Уже «публичная власть — суд», полиция сословные корпорации оказываются у Гегеля зародышами государственной власти, блюдут «общие дела», «общие интересы» индивидов гражданского общества. В них неизбежно сфера гражданского общества переходит поэтому в государство» (№ 256).

Третья ступень развития объективного бытия — государство потому и оказывается у Гегеля не только логическим завершением, но и логической конечной основой всего развития, его «определяющим моментом»: «В развитии научного понятия государство кажется результатом, на самом же деле оно оказывается истинным основанием». Оно, согласно Гегелю, не служит интересам отдельных лиц, но господствует как самоцель: оно не просто продукт общей воли, как представлял ее себе Руссо — т.е. воли всех его граждан; оно есть разумная воля, всеобщая воля, «единство всеобщности и частности», нравственный организм, реализующийся «объективный дух». Как «внешняя необходимость», как сфера, в которой устанавливается полное единство между правами и обязанностями человека-гражданина, государство противопоставляется Гегелем гражданскому обществу: и в этом, несомненно, подготовительная ступень к дальнейшему марксистскому пониманию взаимоотношений общества и государства.
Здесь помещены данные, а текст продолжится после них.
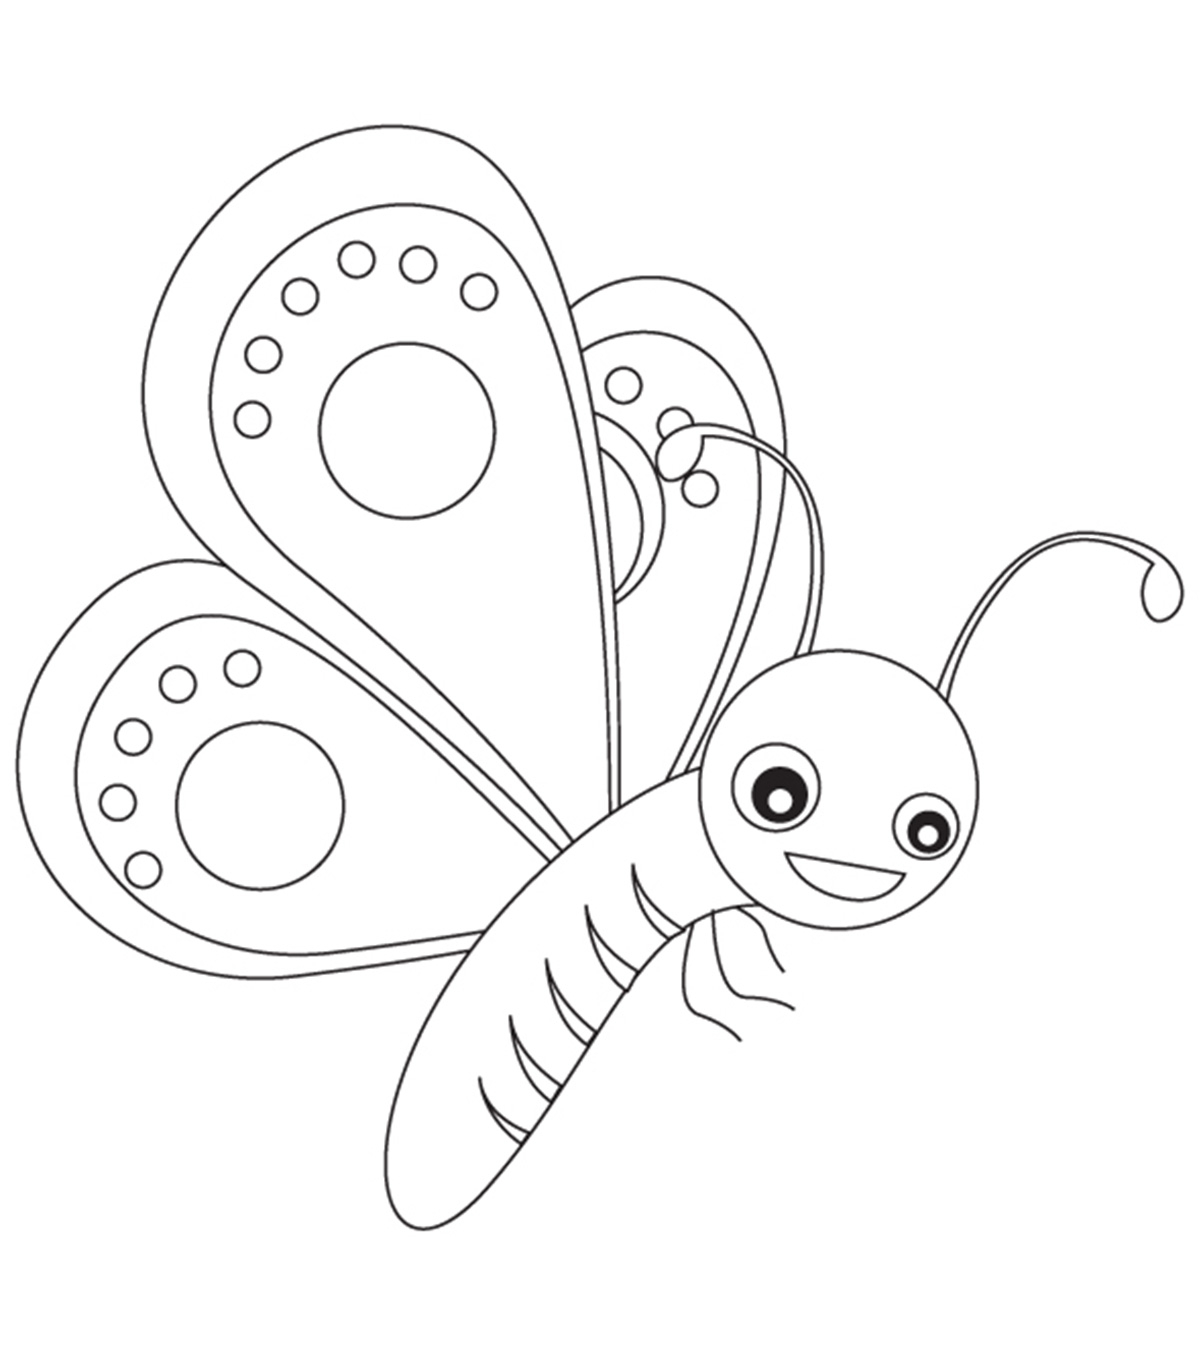 Butterfly Outline Coloring Page Top 50 Free Printable Butterfly Coloring Pages Online
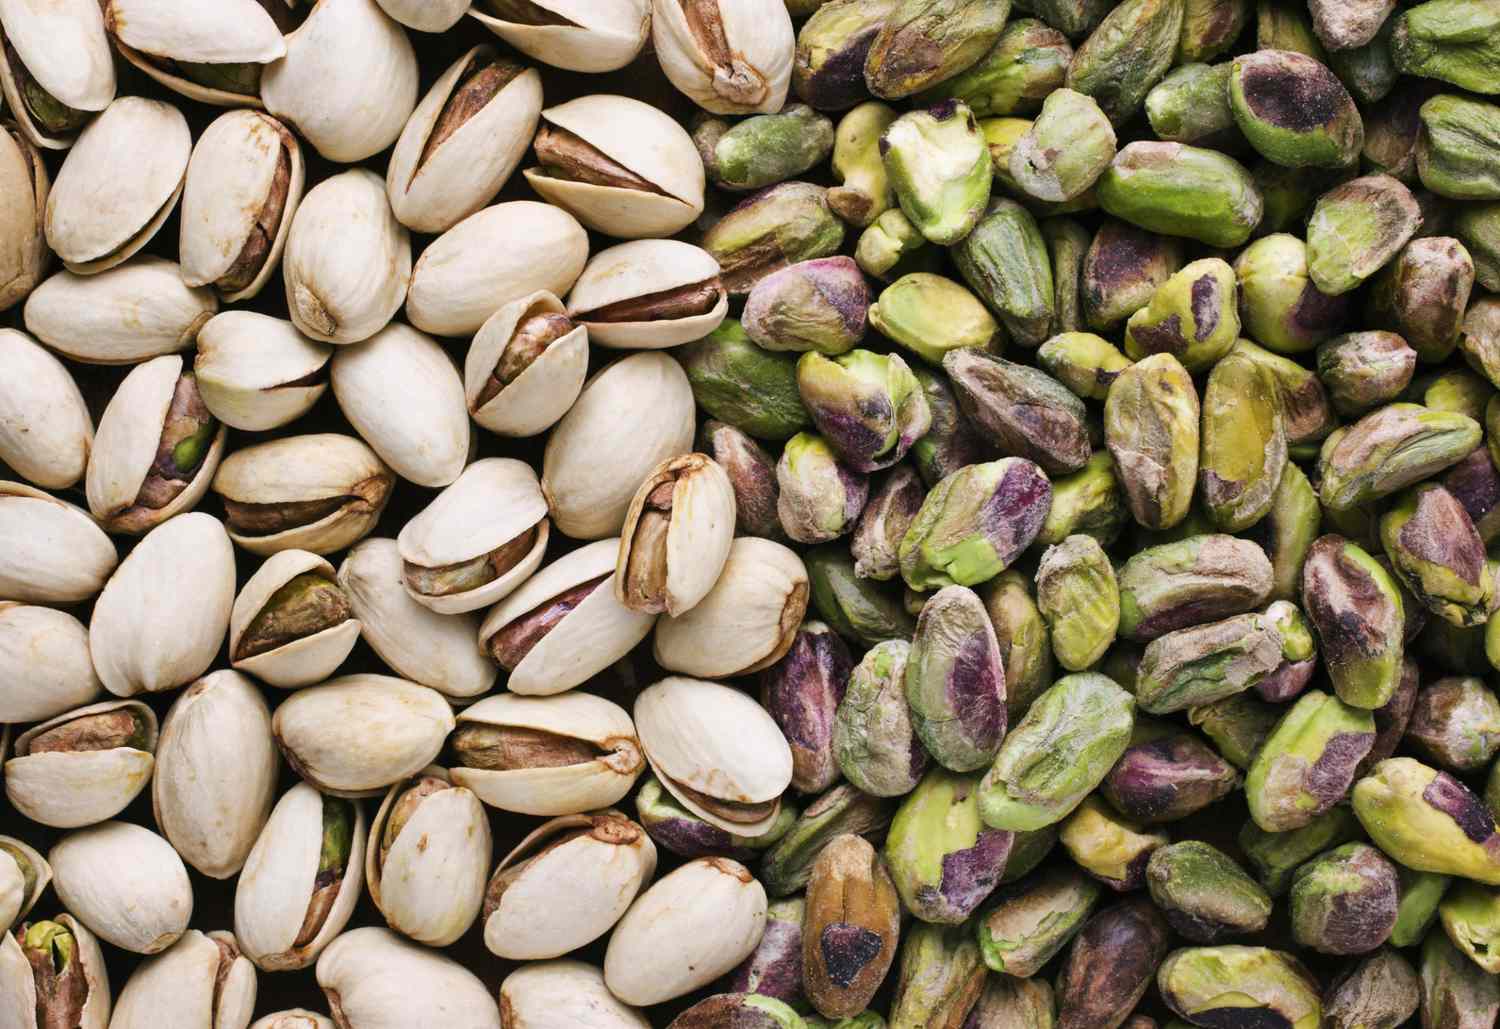 The purchase price of pistachio kernels Woolworths + properties, disadvantages and advantages

Но именно поэтому гегелево государство не следует представлять как нечто совершенно чуждое гражданскому обществу. Стоя над ним, государство вместе с тем развивается из него: это то же «гражданское общество», но лишь разумно осознанное, приведенное в систему, рационализированное – логическое завершение, разумная форма бытия «гражданского общества». Логическое развитие у Гегеля необходимо ведет от семьи, этой простейшей организации частной собственности, к обществу частных собственников и к наиболее рациональной его форме, которая, согласно гегелевской телеологии, обусловливает процесс, — к государству. Государство «живет лишь постольку, поскольку оба момента, семья и гражданское общество, развиты в нем» («Rechtsphilosophie», прилож. К № 267). В его орудии — законах — обеспечивается свободная воля индивида и в то же время ограничивается его произвол, потому что сами эти законы — лишь «результат практики», вырастают из общественных отношений.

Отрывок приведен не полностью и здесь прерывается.